To ascertain that this was indeed a problem faced by many, and not just one doctor, the couple then spoke to about 50 neurologists, radiologists and clinicians from countries such as the US, Sweden and other parts of Europe. Through these conversations, they narrowed down the problem to the one they are trying to solve: Assessing stroke risk beyond relying on traditional anatomical data.
“The risk of having a stroke is not just about the shrinking of one’s blood vessels,” Dr Milad reiterated.
He added that the start-up has seen "significant interest" by three VCs that attended EF's Investor Day on Tuesday, which saw the company pitch its idea to the investor community.
“MAKING FIRST STEP SAFE” FOR WOULD-BE ENTREPRENEURS
Through the experience, Dr Sadaf shared that the EF method of recruiting people with deep technical skills, but who do not have an idea or a team, played a big part in enabling the couple to make their foray as entrepreneurs.
By giving a monthly stipend to the accepted applicants, this removes the immediate worry of financial security for researchers or those in academia who might have an idea, but were afraid of pursuing them. It “makes the first step very safe”, she said.
The programme comprises of two three-month phases: For the first three months, each participant receives S$5,000 a month and focuses on finding a co-founder and developing a commercially viable idea. If a start-up is successfully formed during this phase, EF will invest a further S$25,000 for an 8 per cent equity stake in the entity.
During the second phase, teams will focus on product development and customer traction, and they will receive mentoring and advice from the EF team and top entrepreneurs. The UK-based investor will also provide work spaces, legal and administrative support.
One of Europe’s leading talent investor, which has produced 100 start-ups that are now worth more than US$1 billion, it opened its first international office here in 2016 by partnering with SGInnovate, then known as Infocomm Investments.
Ms Anne Marie Droste, co-director of EF Singapore, shared during a media briefing on Wednesday that the difference it takes, compared to more traditional venture capitalists in the market, is it focuses on investing on the person, and even before they have decided to become an entrepreneur.
She added that many of those in academia or research institutes tend to face problems such as having “no confidence in their ideas” or unable to find co-founders to work on the same project, so they abandon the intention of starting their own businesses.
Her co-director, Mr Alex Crompton, pointed out that its start-ups incubated from out of Singapore has certain perks, particularly if they are in “regulated industries” such as healthcare.
He said the local government is “anticipatory” of businesses’ needs, which means companies can move very fast - and this is a “massive competitive advantage” over other markets, he said.

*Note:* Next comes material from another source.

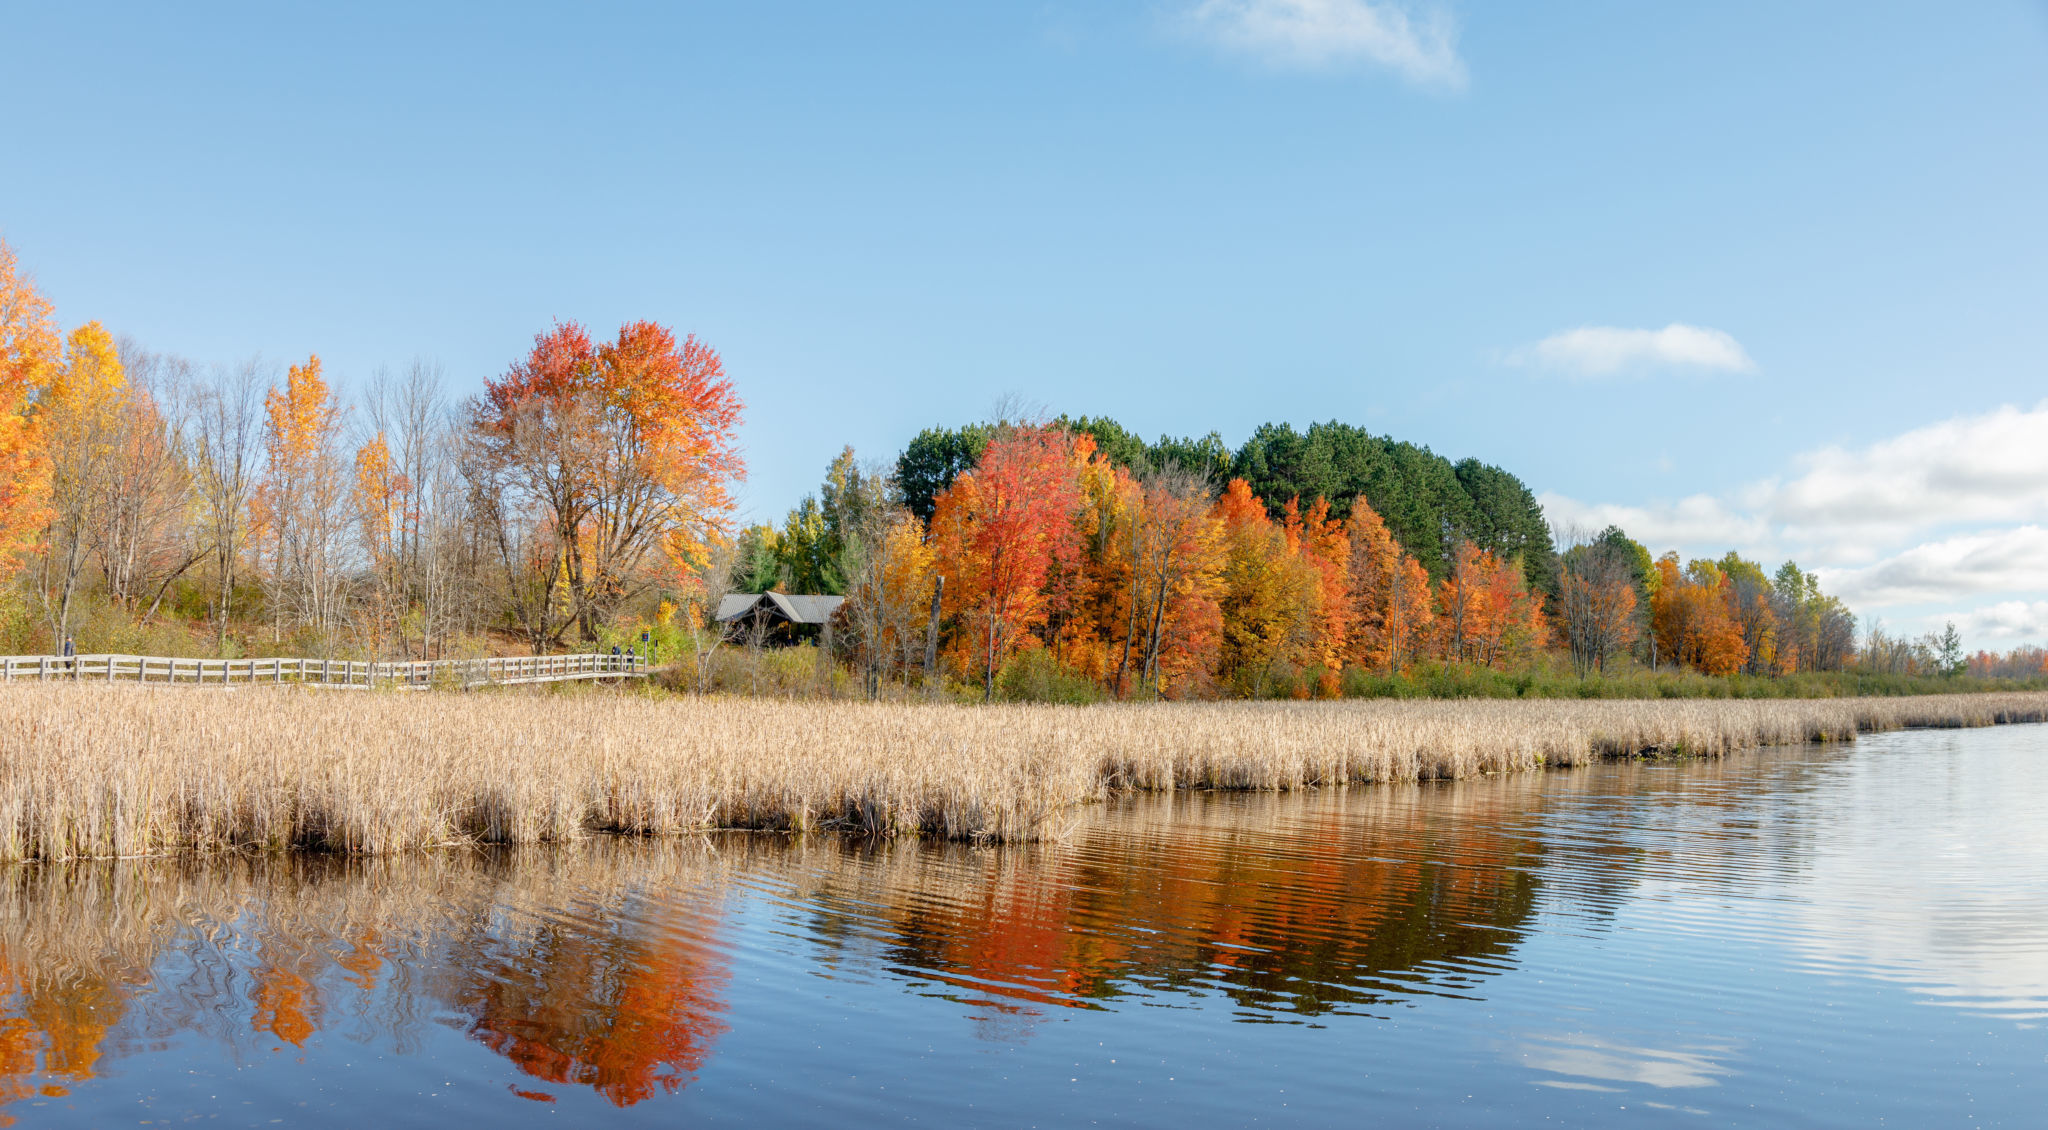 Fall foliage with a body of water

As an update, EF Singapore said its first batch of 12 graduating start-ups that made their debuts last March have all been offered term sheets and funding from venture capital firms such as Cocoon Capital, Wavemaker and SGInnovate.
It will continue to guide the second cohort of 14 - which See-Mode Technologies is part of - through fundraising and hiring over the next six months, while its third cohort is about to start later this month. Registrations for the fourth batch was also opened at the turn of the year, the company said.